CU student Cayte Baker (B.A. ’19) is spending her summer in the land down under. She’s not vacationing, although she’d tell you that the breathtaking views in Sydney may suggest otherwise. Baker is interning at Samaritan’s Purse, a Christian nonprofit organization with an affiliate office in Australia.

Samaritan’s Purse works to provide emergency relief and development assistance to suffering people around the world. One of their most widely-known initiatives is Operation Christmas Child (OCC), an initiative in which donors are encouraged to pack shoeboxes with gifts such as toys, clothes, school supplies and personal hygiene items for children in need.

As a marketing intern for OCC, Baker works to support the marketing team. Her internship responsibilities include helping the OCC team prepare for October, Australia’s biggest shoebox campaign. She also assembles media kits that will be used by radio stations, gathering content, editing stories and writing scripts.

“This project also required that I cold call nearly 50 radio stations, several of whom we have worked with in the past, but a majority of whom have not promoted for Samaritan’s Purse before, with the purpose of building effective, lasting relationships,” Baker shared. “We all speak English here, but I noticed the accents to be the most challenging when cold calling!”

Baker has also had the opportunity to travel with the organization’s national field ministry manager to interview OCC volunteers.

“It was so inspiring hearing some of their stories,” Baker said. “We met with one volunteer that is 92 years old and started the volunteer group in her town back in 2000. She currently knits over 100 little bears each year for the shoeboxes!”

Although she faced challenges in adjusting to a new culture, Baker noticed similarities too.

“At face value, the culture in Sydney appears shockingly similar to that of Grand Rapids—similar architecture, similar ways of doing life,” Baker said. “But the differences are in the subtleties, like the unique phrases they use for certain things. I’ve also found the culture to be a bit more laid back, both in and out of the workplace.”

Baker met a recruiter from Samaritan’s Purse at Cornerstone. After a two-month interview process, Baker was chosen as one of 70 interns out of over 1,400 applicants.

“I have to say that I would not be sitting in an office in Australia working for this incredible nonprofit organization if it weren’t for Anne Gaertner from CU’s Center for Career and Life Calling,” Baker said. “She was a huge help as I prepared my resume, polished my interview skills and walked through the search process.”

Beyond building her resume and developing professional skills, being at Samaritan’s Purse has allowed Baker to grow deeper in her relationship with the Lord and to learn what it means for a work culture to reflect the heart of God.

“I think what I appreciate most is the heart and mission of the organization—how the work we do, regardless of how monotonous it may seem in the moment, no matter how small the task, it all holds such eternal value,” Baker reflected. “That’s not to say other work doesn’t hold similar weight, but I feel like I can so clearly see the urgency and impact of what we do.
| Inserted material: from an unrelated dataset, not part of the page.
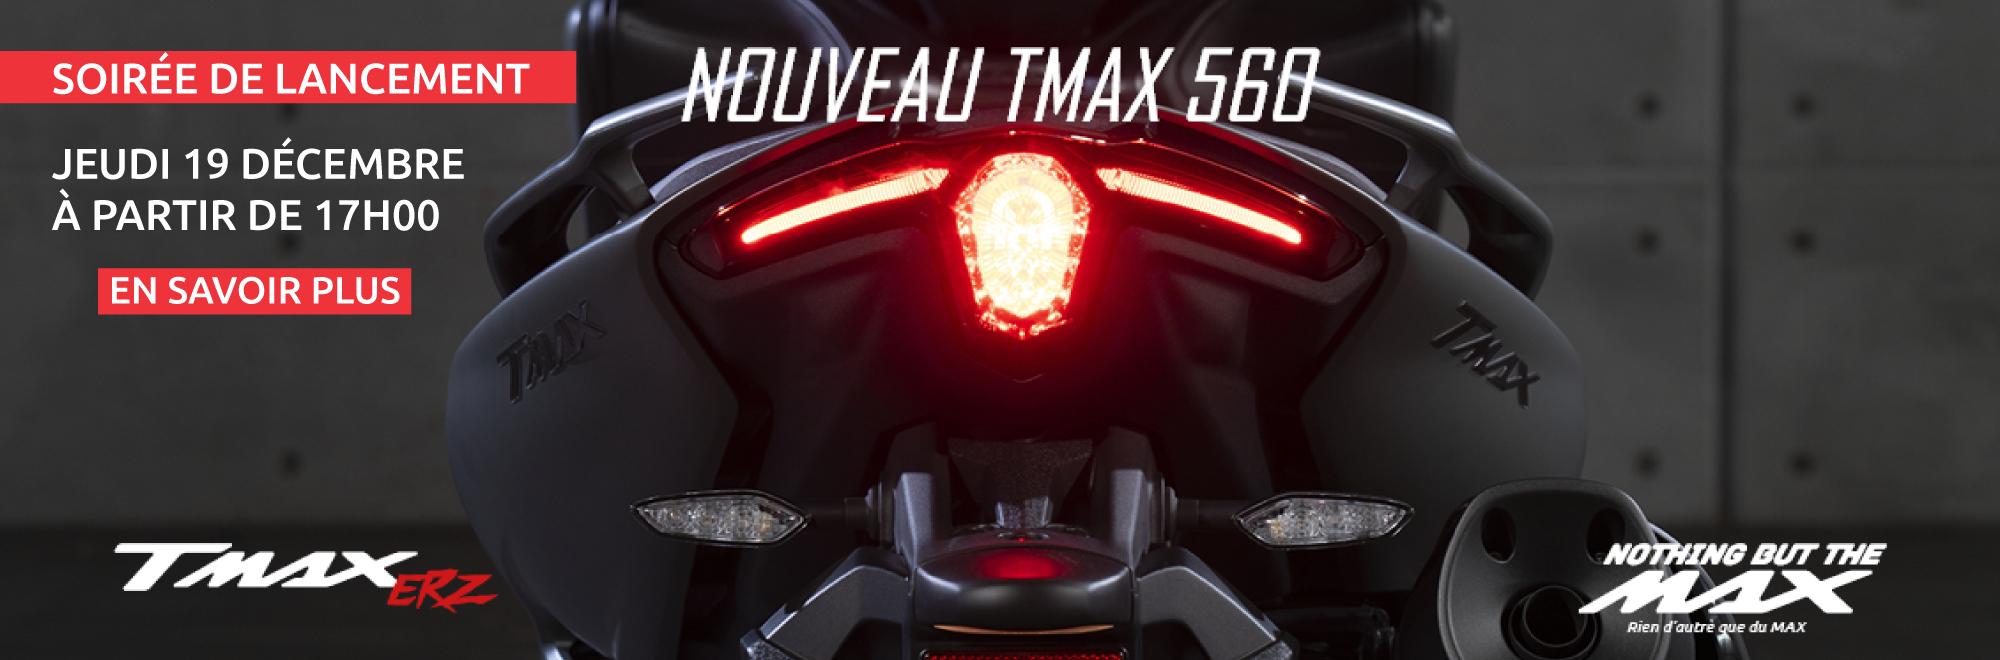 SOIRÉE LANCEMENT TMAX 560

Not only that, but ‘the heart of the organization’ isn’t just a nice saying believed only by the CEO, but it’s something that every single person at Samaritan’s Purse, regardless of role or position, believes and lives out. The passion that motivates everyone at Samaritan’s Purse is contagious, and it’s empowering! And that is something that you don’t fully know or understand unless you work in the organization daily. It’s so genuine and authentic, and that’s refreshing!”

Baker credits her classes at CU for preparing her to thrive in this environment.

“There is so much that I could talk about from the many classes I’ve taken that have contributed to my work experience at Samaritan’s Purse this summer,” Baker said. “However, what I’ve realized is that the greatest tool that CU has equipped me with is the tool of learning. No school can fully train you for every possible task you will encounter in the workplace, but a good school can train their students how to embody the posture of learning and equip them with the tools and ability to learn and adapt, and this is something that I feel CU has done well.”

As Baker’s time in Australia draws to a close, she is excited to apply what she has learned in her future work.

“Honestly, I needed this past summer—or winter, here—more than I even knew,” Baker concluded. “I’ve learned and grown so much during this time away, and I’ve absolutely loved my time here! It will be difficult leaving, but God is so good, and I can’t wait to see what He has planned next!”